→ WORK INSTRUCTION
Look below for the line that contains "Buskers-final-6.jpg", and write out exactly that line and all remaining lines of the listing, omitting pictures.

→ SUPPLIED MATERIAL
**********
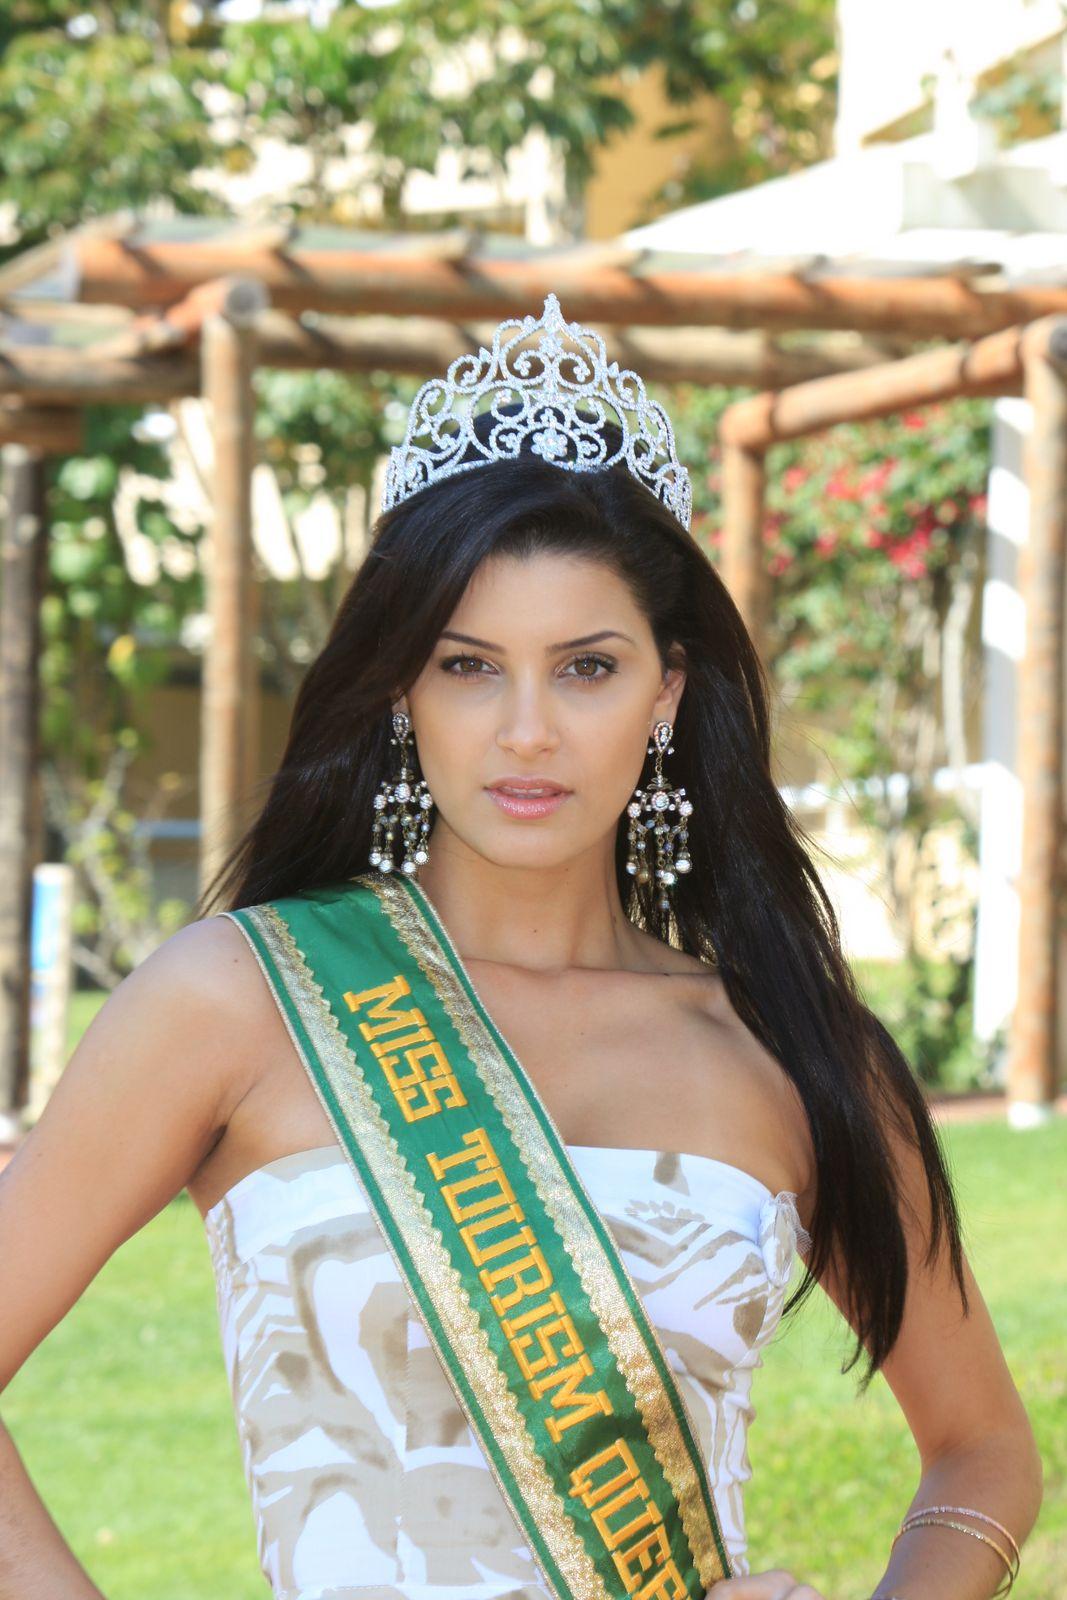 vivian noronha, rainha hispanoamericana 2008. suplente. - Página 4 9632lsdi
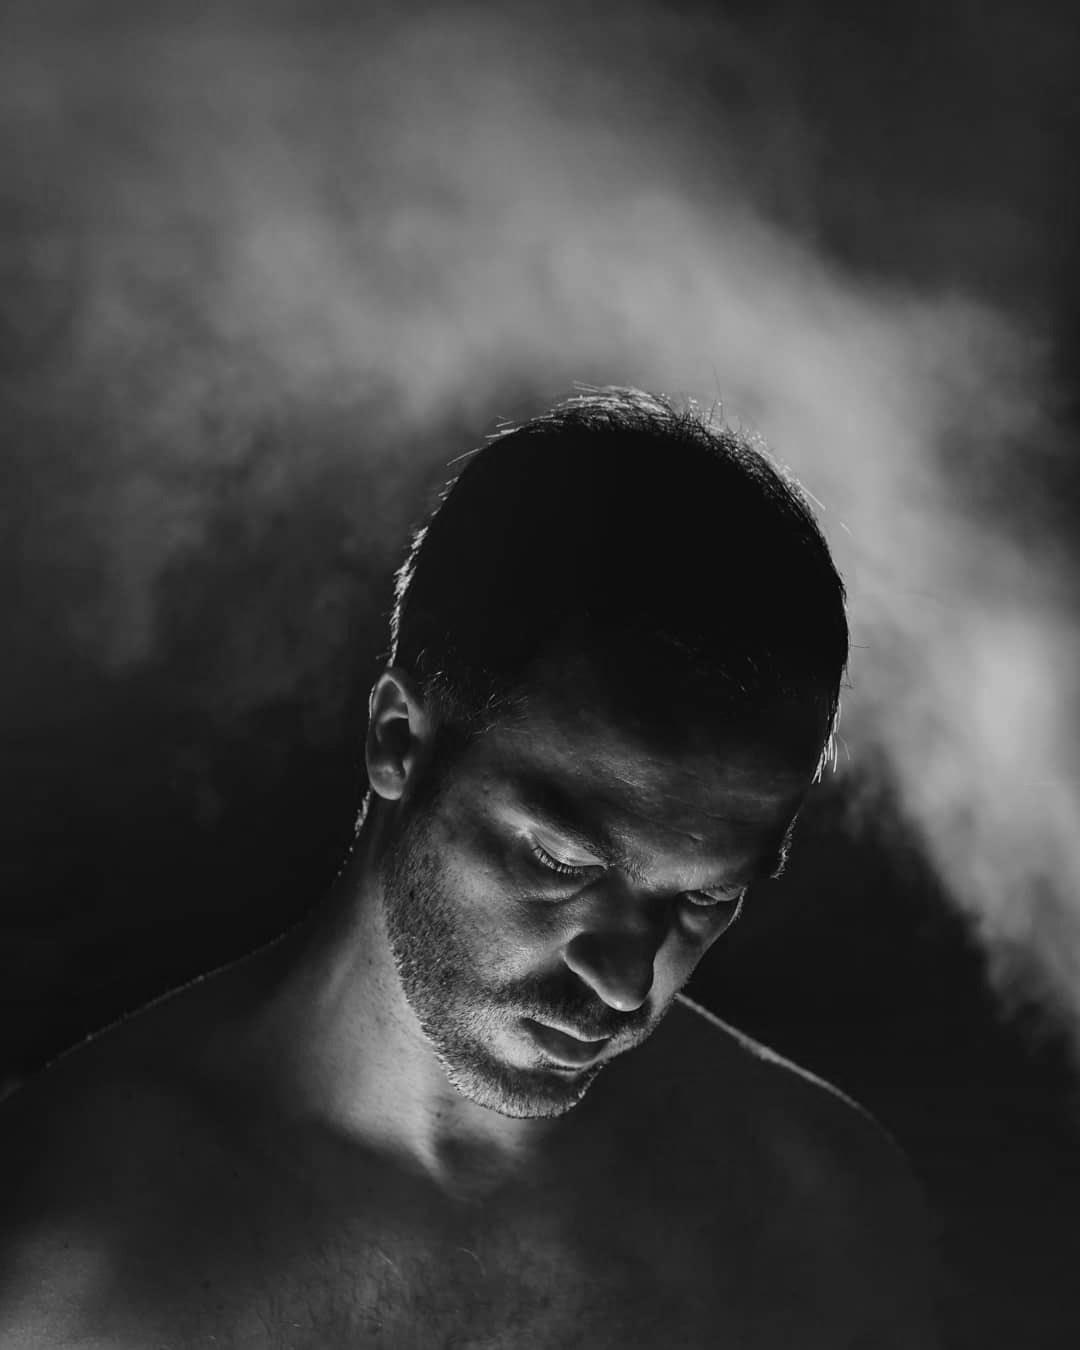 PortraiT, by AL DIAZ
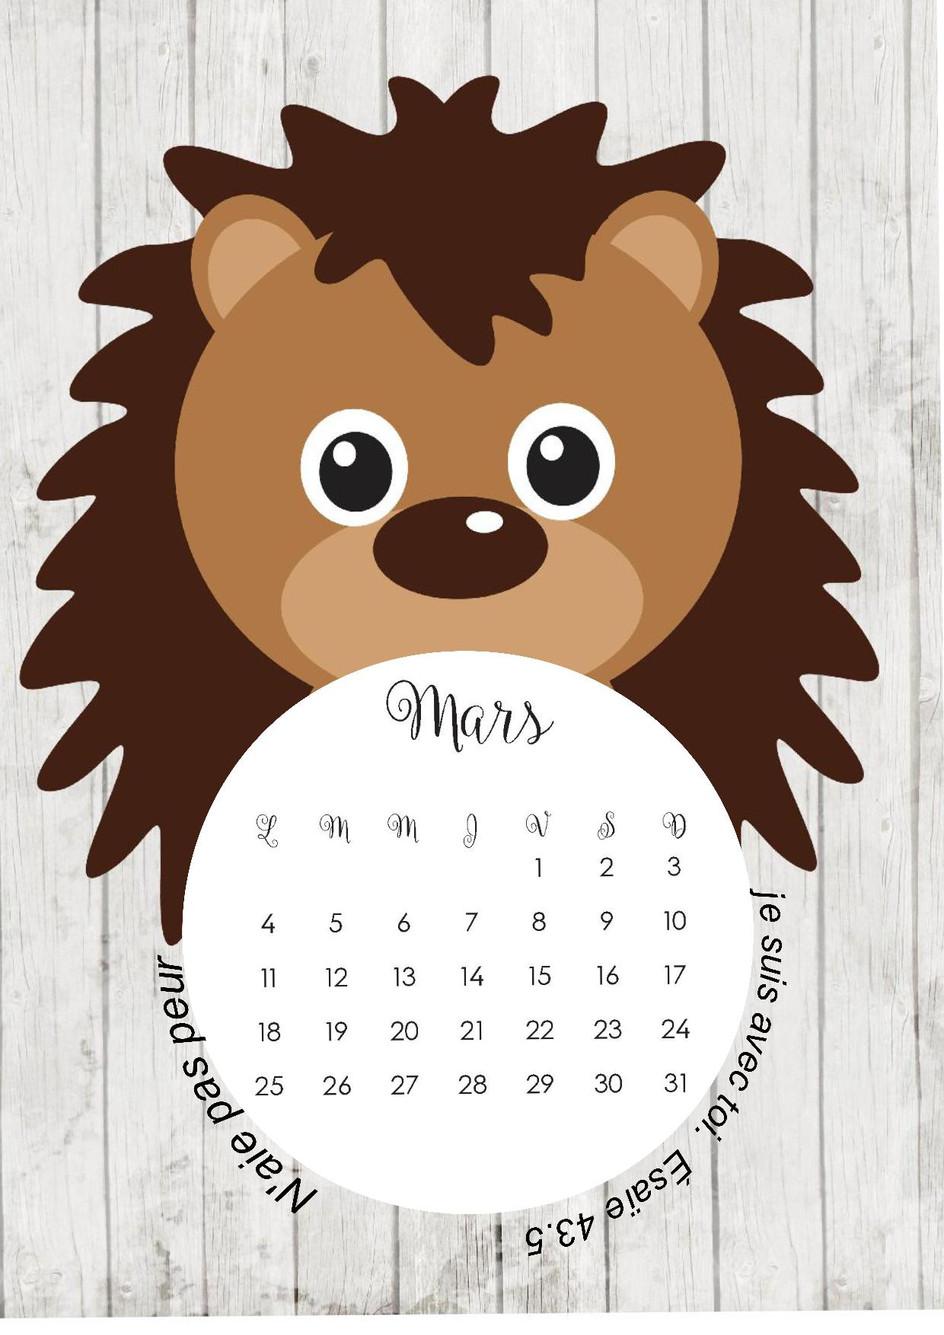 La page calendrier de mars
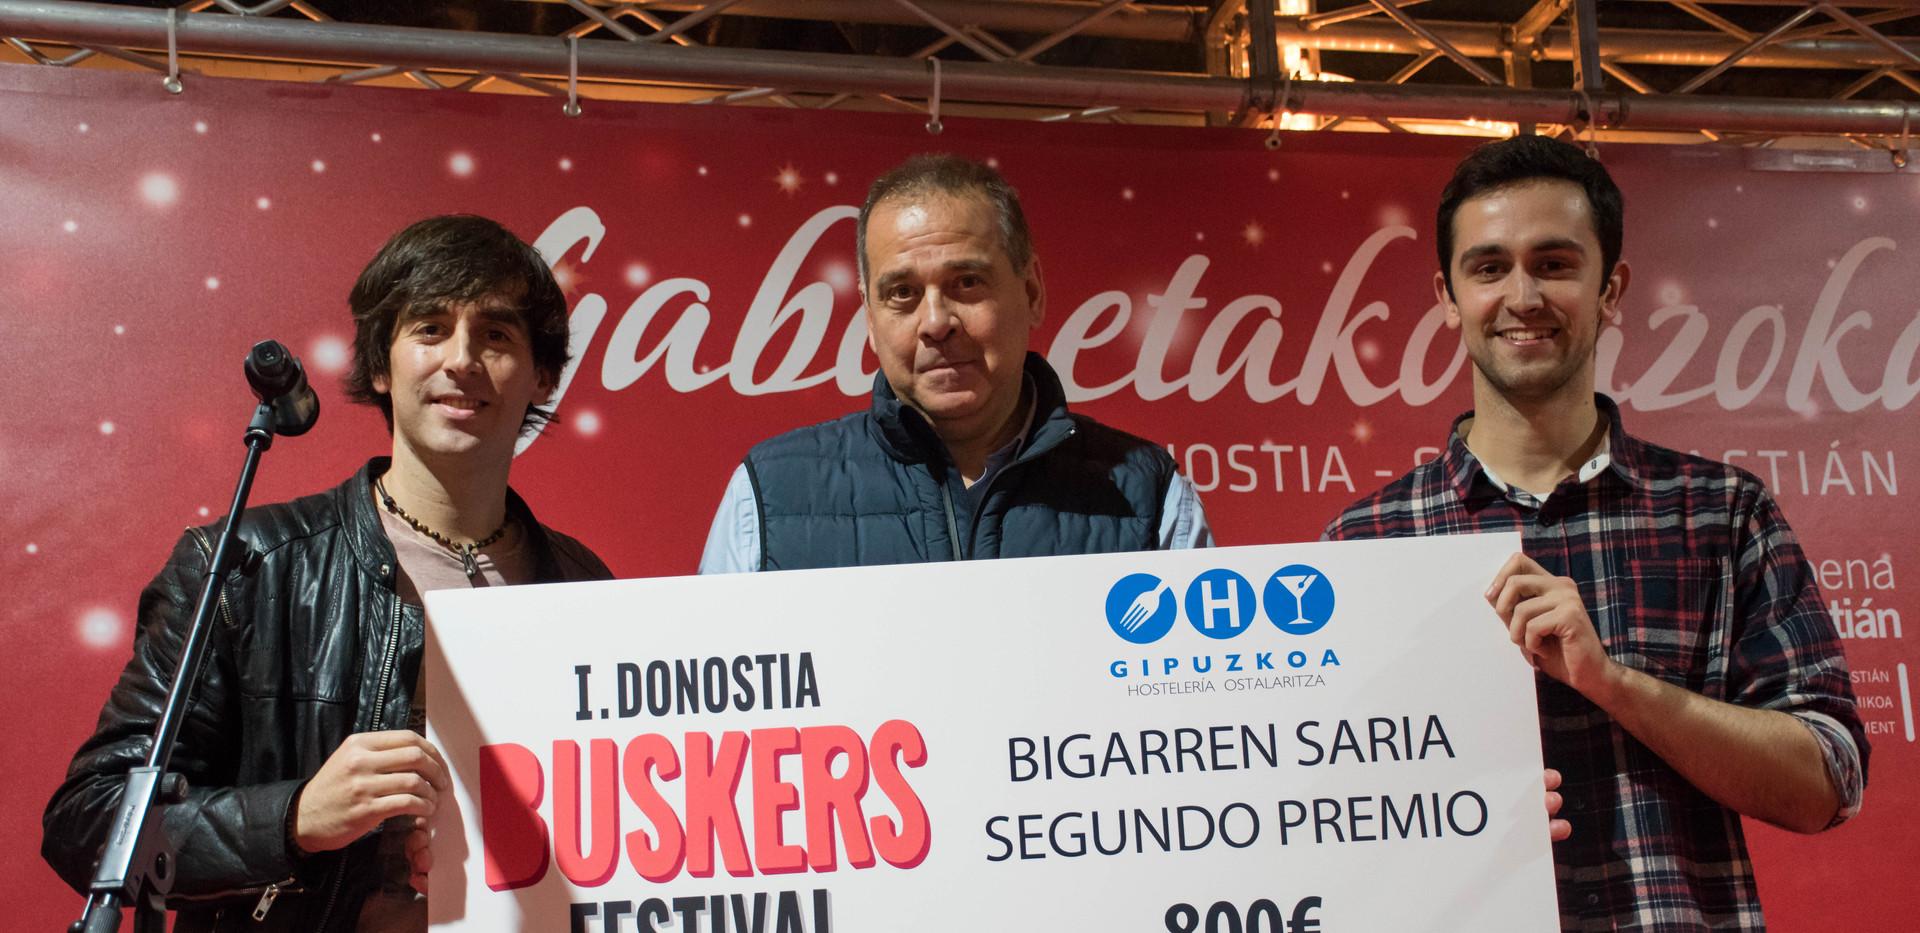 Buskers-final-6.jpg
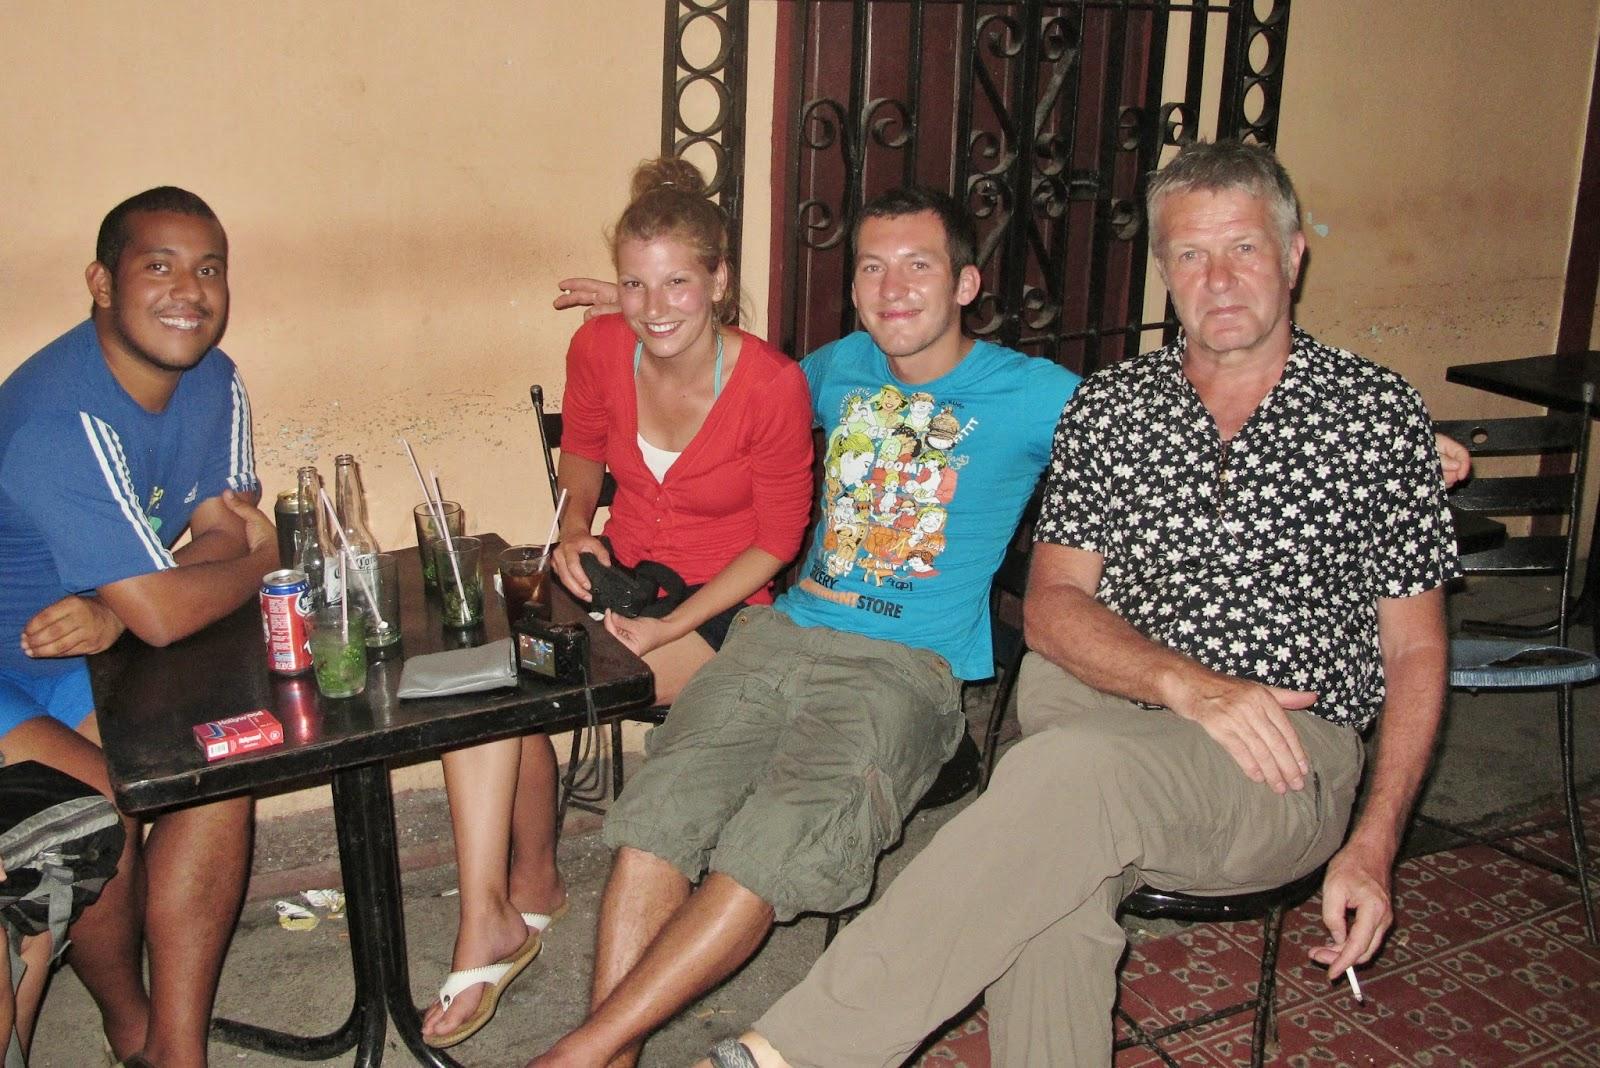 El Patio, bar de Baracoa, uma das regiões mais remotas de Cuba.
**********
→ ANSWER TO THIS EXERCISE
 Buskers-final-6.jpg
 El Patio, bar de Baracoa, uma das regiões mais remotas de Cuba.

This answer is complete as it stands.